Already during the Google I/O 2025, the American company had anticipated its vision with Project Astra, showing how the artificial intelligence could not only “see” what happens on the smartphone screen, but physically interact with it, swiping pages and pressing buttons.
Today, thanks to the in-depth analysis of the beta versions of the Google app, concrete details emerge on how this functionality will take shape on Android devices.
Gemini will be able to control your smartphone, here’s how

Recent discoveries made within the code of the Google application for Android (specifically in the beta version 17.4.66) have brought to light new text strings that outline how what is internally called by the codename “Bonobo” works.
The publicly used terminology, however, seems to lean toward the concept of “screen automation”, i.e., screen automation.
This technology promises to transform Gemini into an operating agent capable of carrying out complex actions on behalf of the user.
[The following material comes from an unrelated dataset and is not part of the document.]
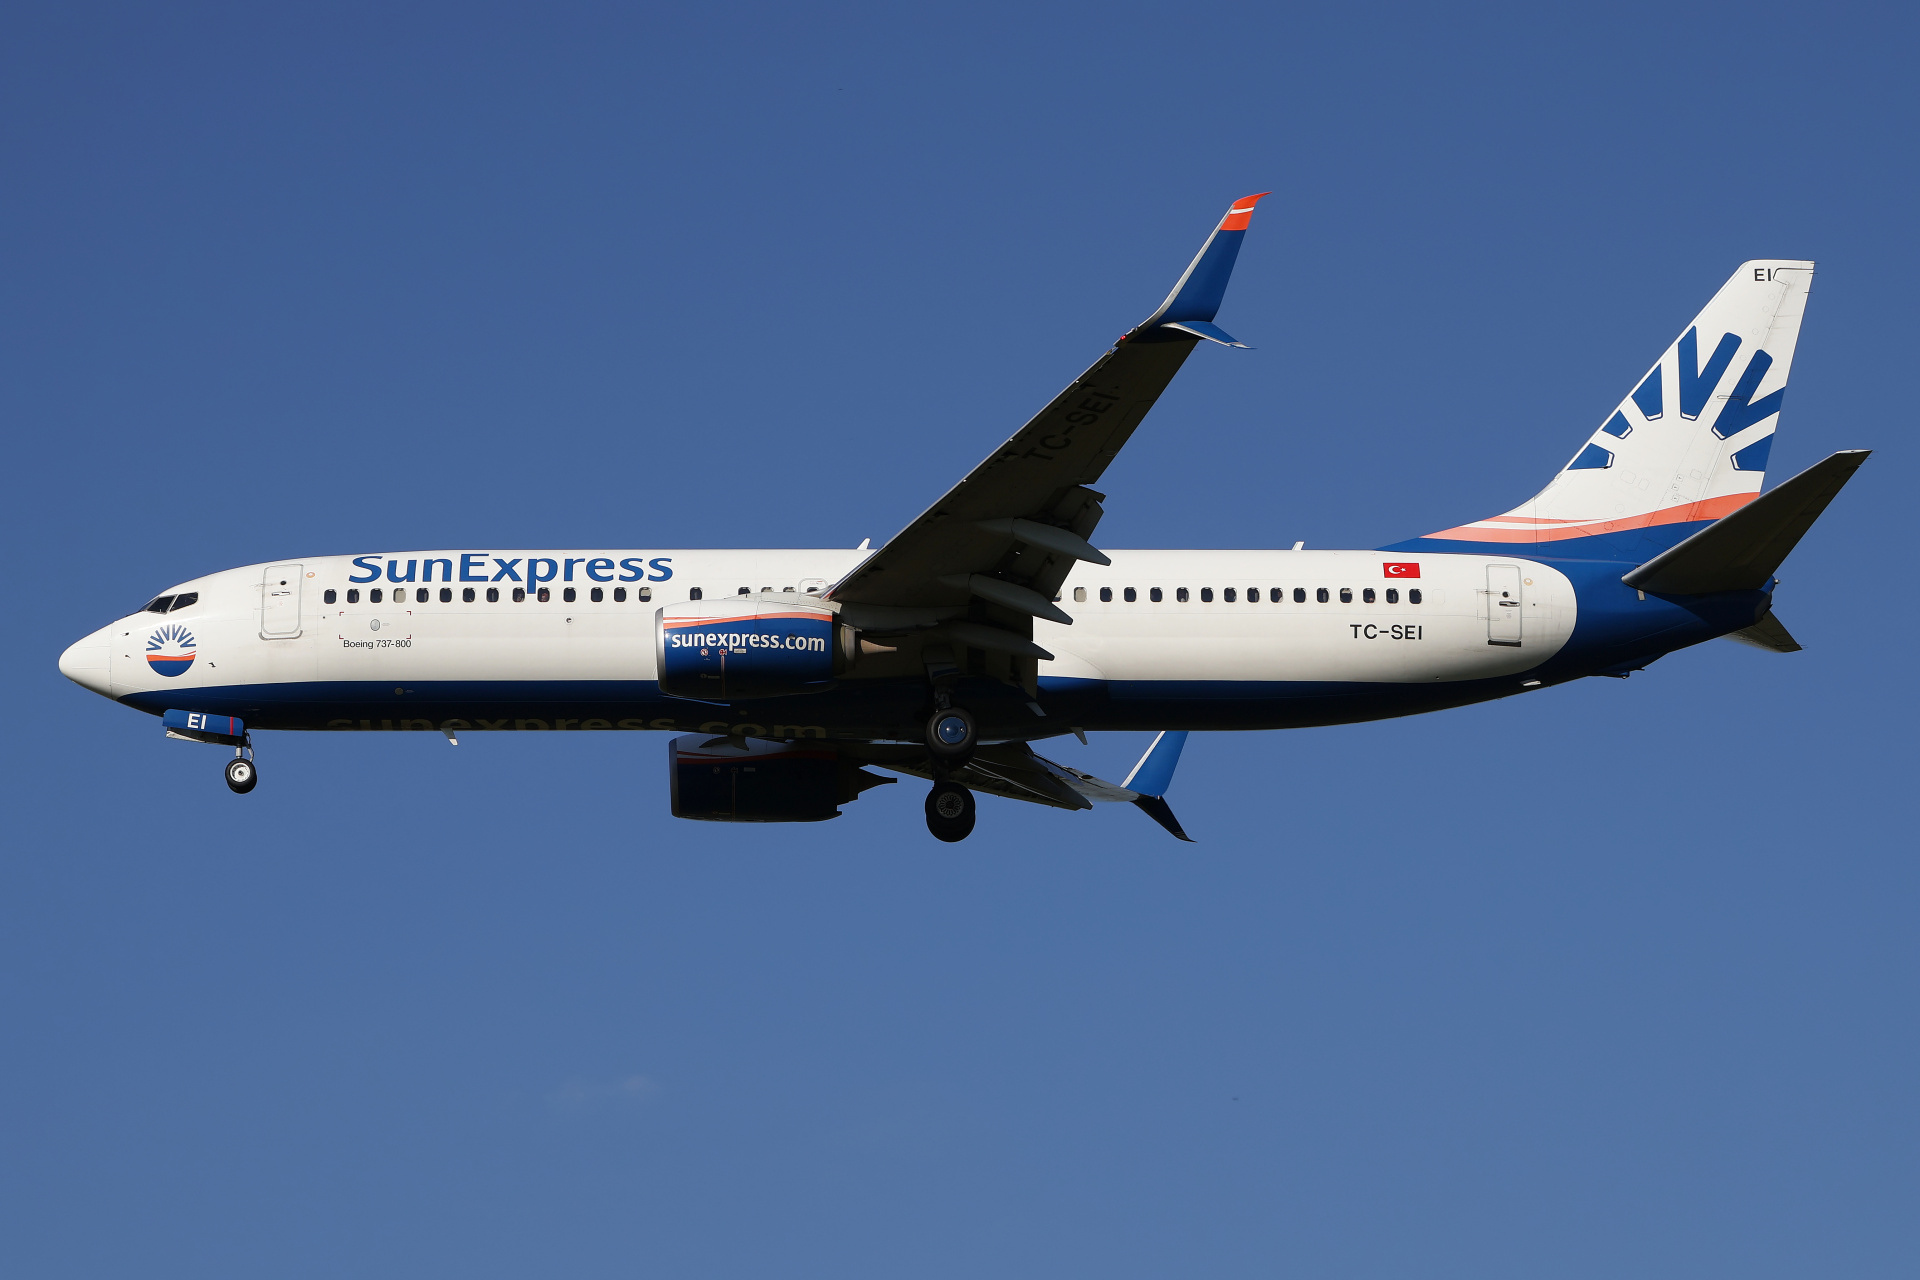 TC-SEI (Aircraft » EPWA Spotting » Boeing 737-800 » SunExpress)

The descriptions found in the software explicitly indicate the AI’s ability to handle practical tasks such as placing online orders or booking rides on platforms like Uber or Lyft.
It’s no longer about tapping various links to complete the action, but about letting the assistant navigate the app interface, select options and finalize the request.
The responsibility remains with the user
Despite the promise of autonomous assistance, Google seems to take an extremely cautious approach regarding the responsibility for actions performed by AI.
The warning messages integrated into the system emphasize that Gemini can make mistakes and that the user is required to supervise operations closely. One of the text strings clearly states that the user is responsible for what the agent does on their behalf, inviting monitoring of progress and manual intervention if necessary.
This aspect introduces a curious contradiction in the user experience: the goal of an autonomous agent should be to free the user from repetitive tasks, reducing human intervention. However, the need for constant supervision could, at least in an initial phase, not significantly reduce the cognitive load required, turning the user from actor into controller.
Privacy and management of sensitive data
Another fundamental chapter concerns privacy and data security during the use of screen automation. The informational notes discovered in the code warn that when Gemini interacts with an application, screenshots of activities could be analyzed by human reviewers to improve the service, if the option to save the activity is active.
Therefore, Google strongly advises against entering login credentials or payment information directly in chats with Gemini or using the automation for tasks involving highly sensitive data.
It remains to be clarified how the system will handle the moment of payment within third-party apps: it is not specified whether the AI will pause to let the user enter credit card details or whether there will be specific security protocols.
Finally, the integration of these features could lead to visible changes in the user interface. References to a section “My Orders” or “Purchases” within the user profile have been identified, suggesting that Google intends to centralize the history of actions performed by the assistant, offering a single hub to monitor transactions carried out via automation.
Although there is not yet an official release date, it is evident that the move from a simple chatbot to a true operating agent is imminent.